> [Instructions for the task]
Keep every word of the listing and drop the images when you write it out.

> [Data block]
◆ ◆ ◆ ◆ ◆

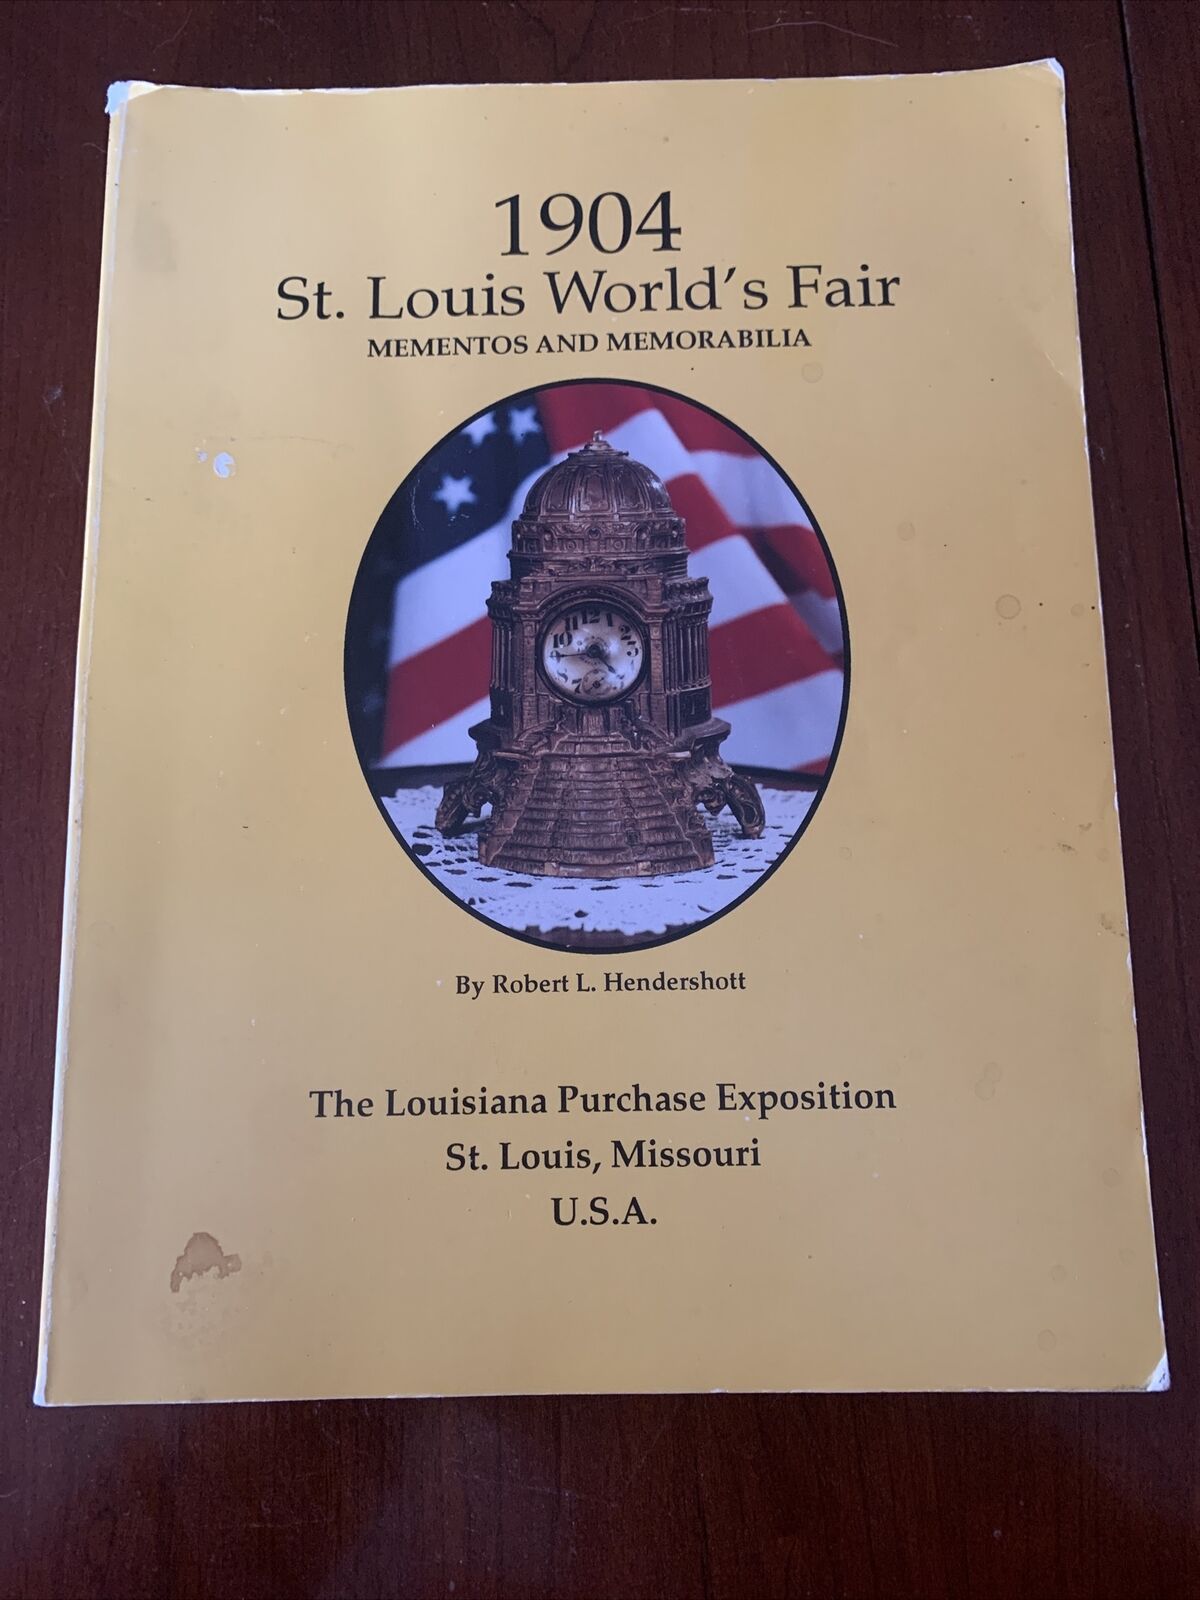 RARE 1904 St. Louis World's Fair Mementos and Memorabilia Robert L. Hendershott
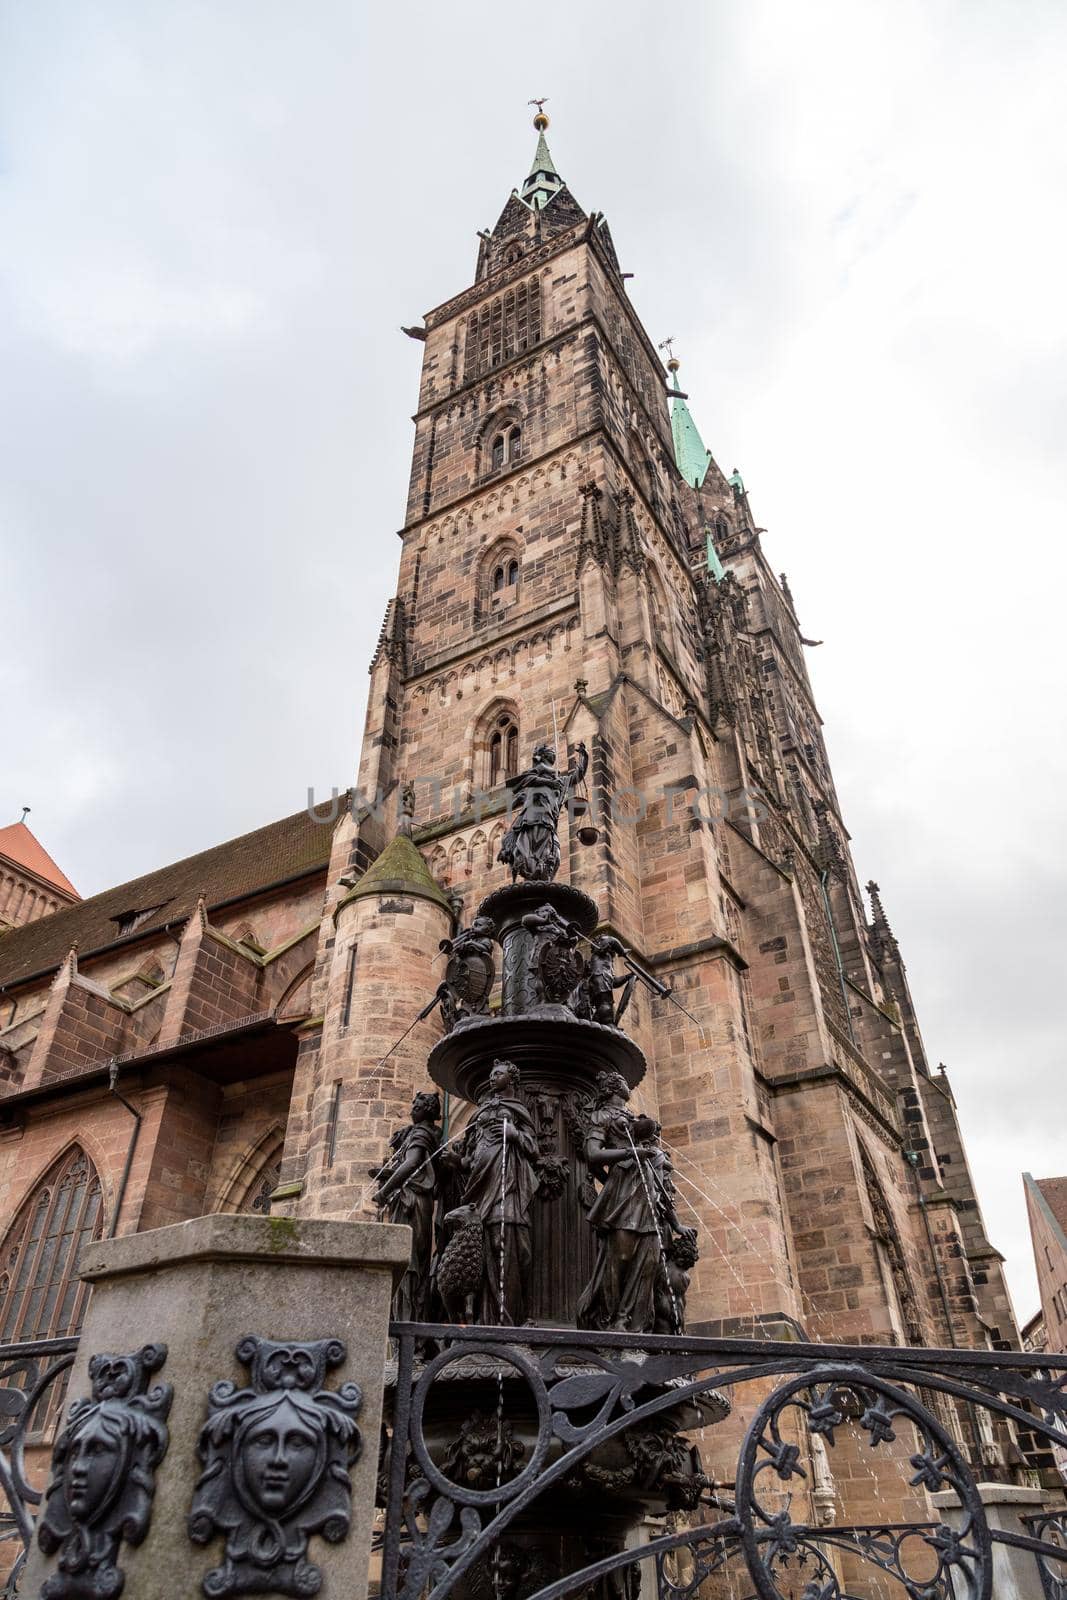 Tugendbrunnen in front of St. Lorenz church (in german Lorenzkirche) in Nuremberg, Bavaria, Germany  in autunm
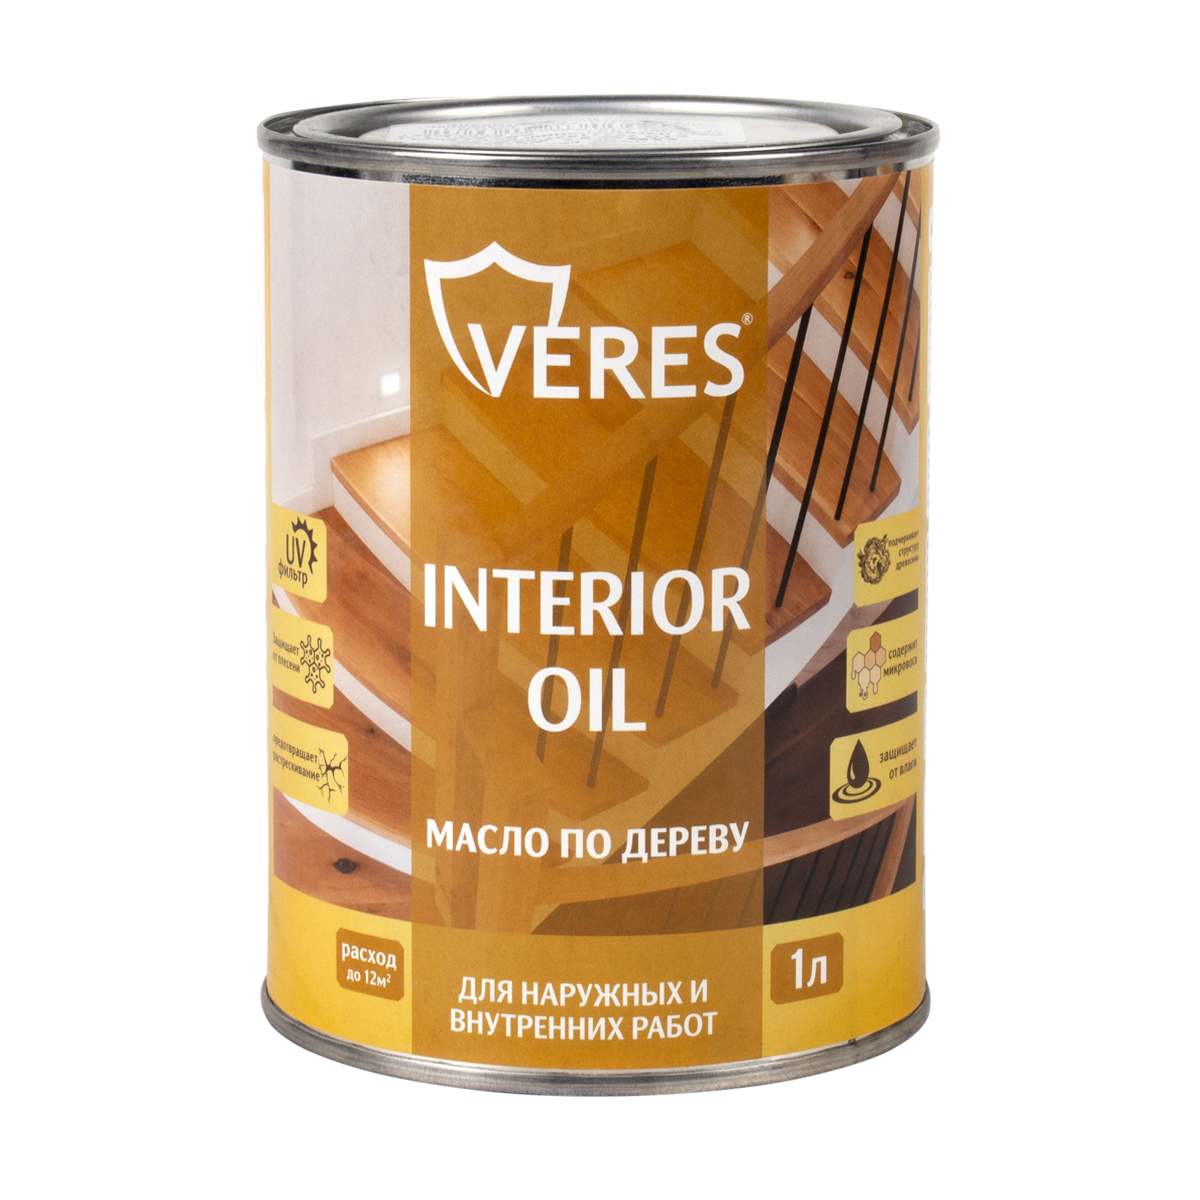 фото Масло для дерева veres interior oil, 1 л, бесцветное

◆ ◆ ◆ ◆ ◆

> [Solution to the exercise]
 RARE 1904 St. Louis World's Fair Mementos and Memorabilia Robert L. Hendershott
 Tugendbrunnen in front of St. Lorenz church (in german Lorenzkirche) in Nuremberg, Bavaria, Germany  in autunm
 фото Масло для дерева veres interior oil, 1 л, бесцветное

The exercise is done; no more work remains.